DIY Himalayan Chews

Before you look at these pictures and freak out, they’re dog treats. Definitely not for you to eat…although you could if you were really desperate. Or just plain weird.

DIY Himalayan Chews

I’m not judging.

So, have you ever seen or heard of Himalayan chews?

They’re made from yaks milk somewhere in Nepal. The chews are super hard and they last longer than traditional chews. The only downside is the price. I buy them here and there, but buying 4 in the appropriate sizes for my dogs costs about $60. Himalayan chews are basically a firm cheese that is sliced and then smoked until dry. So I figured it couldn’t be that hard to replicate, well, if you forget the whole yak in the mountains of Nepal part.

Himalayan Chews

My dogs loved these chews and I intend to make them again very soon. Because I have 3 large dogs, I think I’ll make a double batch in the future and try to get bigger/thicker slices for them. The chews worked really well for my small dog, but they didn’t last very long with the big guys. So, if you have small dogs that are 25 pounds or less, these will work well. If you have big dogs I suggest doubling the recipe and cutting thick chunks that are long enough for them to chew on.

Remember, these are meant to be chewed and not swallowed whole. If you have a dog that tends to inhale things without chewing, I don’t suggest these or any hard chew.

Chiirpi Cheese

Here is my cheese after being hung and then weighed down in the fridge overnight.


DIY Himalayan Chews

  • 1 Gallon skim milk
  • 3 tsp. Liquid smoke
  • 9 Tbsp. Lemon juice
  • Cheese cloth


  1. Line a colander with cheesecloth and set aside.
  2. Bring milk to a rolling boil over medium heat, stirring often. Be careful not to scald the milk.
  3. Once boiling, add lemon juice and liquid smoke. As you stir you should start to see the milk curdling.
  4. Pour milk mixture into colander lined with cheesecloth. The liquid will drain away and you will be left with a pile of cheese curds. Drain well. Pull up the sides of the cheesecloth and squeeze the ball of cheese. Tie the cheesecloth tightly and hang the cheese. I was able to hang my cheese from my kitchen faucet, but in the past I have set a long wooden spoon over a deep pot and tied the ball of cheese to the spoon and set it over the middle of the pot. Allow the cheese to hang for 1-2 hours.
  5. Pull your cheese down, but leave it in it’s cheesecloth cocoon. Place your cheese on a plate and weigh it down with something heavy. I filled a gallon jug with water and set it on top of the cheese. Leave overnight in the refrigerator.
  6. Pull cheesecloth off of cheese. Slice the cheese into thick slices and place in a dehydrator. Dehydrate until completely dry. Mine took about 24 hours to dry out.

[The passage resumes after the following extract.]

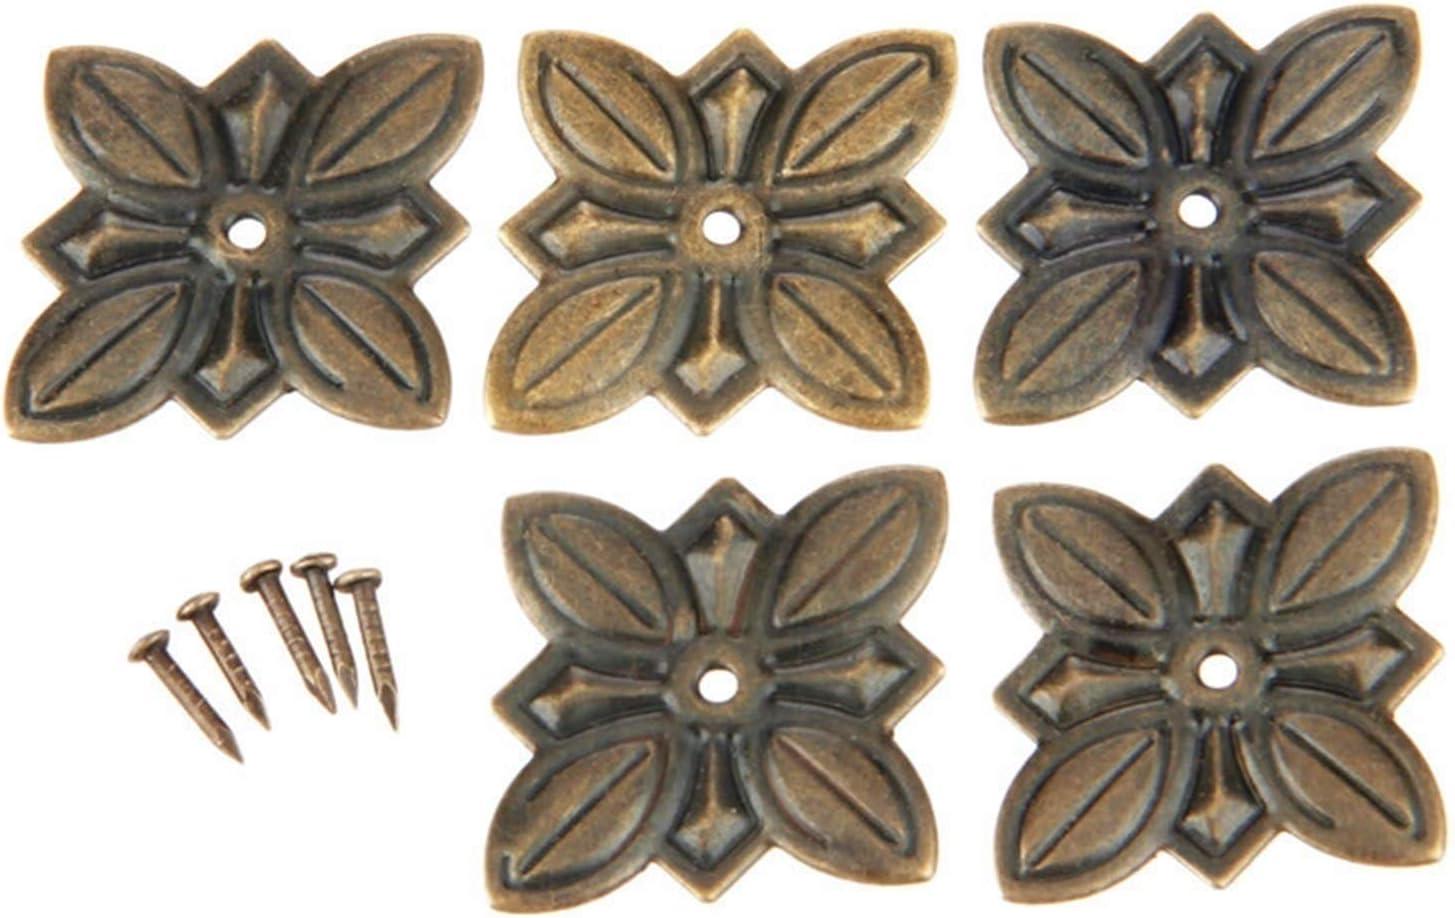 QJKW Thumbtack 50Pcs New Shipping Free Bronze Max 56% OFF Interior Nails Door Sofa Jewelry Box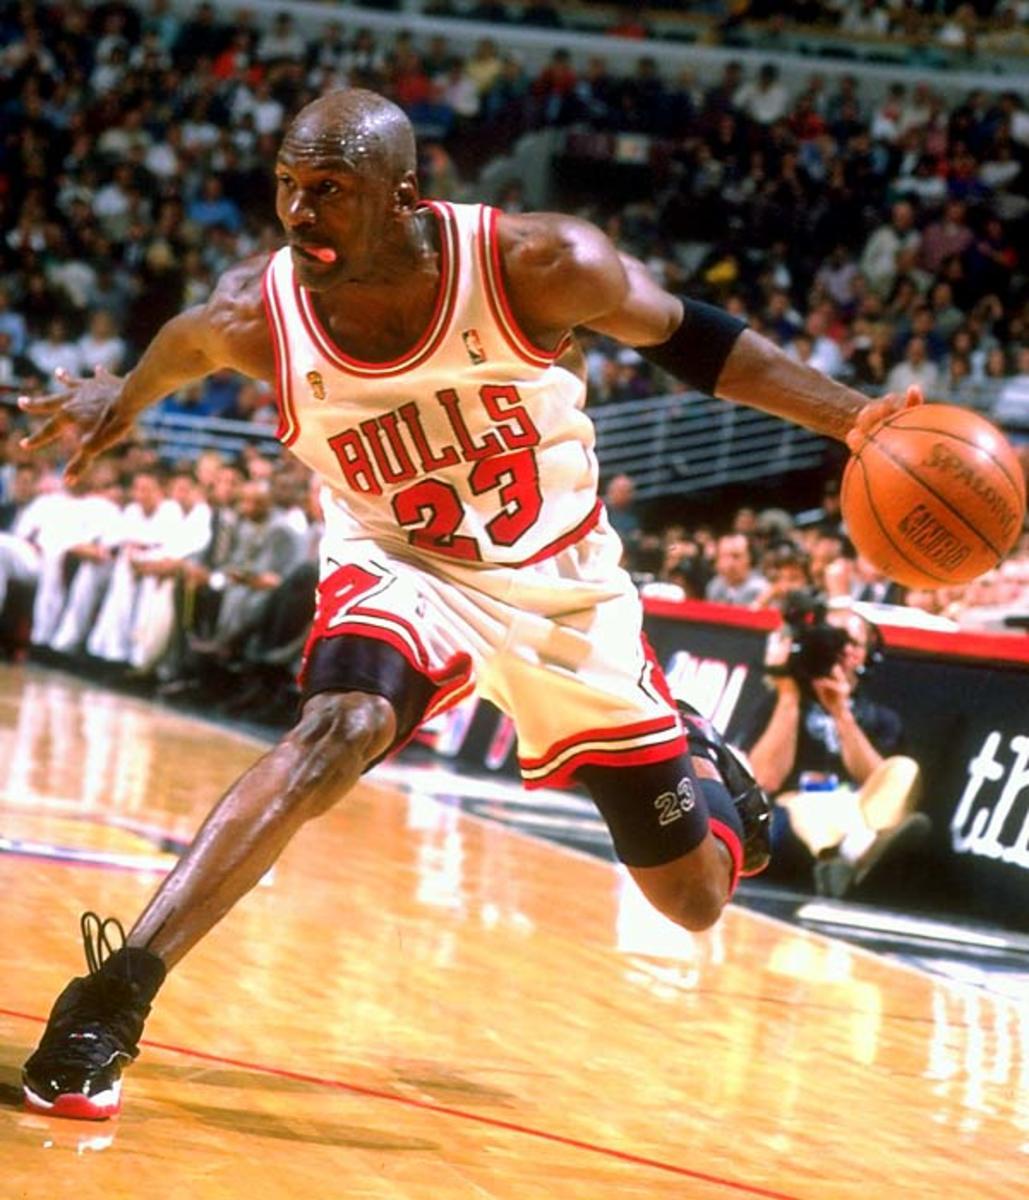 1995-96 Chicago Bulls

12 thoughts on “DIY Himalayan Chews

    1. I actually have two dehydrators, but the one that I used for this recipe was just the junky old one. Plug in and it turns on, it doesn’t have any kind of fancy operating system like my other one. I would go for a medium setting if you have the option and check them after about 6 hours, if they’re still really soft, crank it up.

  1. Any way to do this without a dehydrator? When I make jerky, I use the oven on the lowest setting, but not sure how that would fly with this.

    1. I’m not sure honestly, I’ve never tried this in the oven. These are pretty firm, but they’re still a little wet. You could try using the oven on the lowest setting, check them often. If they aren’t drying out, turn the oven up a little. I wish I could offer more help.

      1. If you do it in the oven, make sure you keep the door open w/ a wad of paper towels.. It lets the moisture escape..

    1. Hi Kelsey, after you have added the lemon juice you should boil it while stirring just long enough to curdle the milk. It really doesn’t take more than a few minutes.

  2. Why skim milk? Isn’t Yaks milk much fattier, or does that come in skim, too? (Joking) What would happen with whole milk, I wonder?

    1. Hmmm I don’t know, I’ve never tried this recipe with anything other than skim. It would be worth a shot though, yaks milk has larger fat globules than dairy cows, so using something with a higher fat content might work well.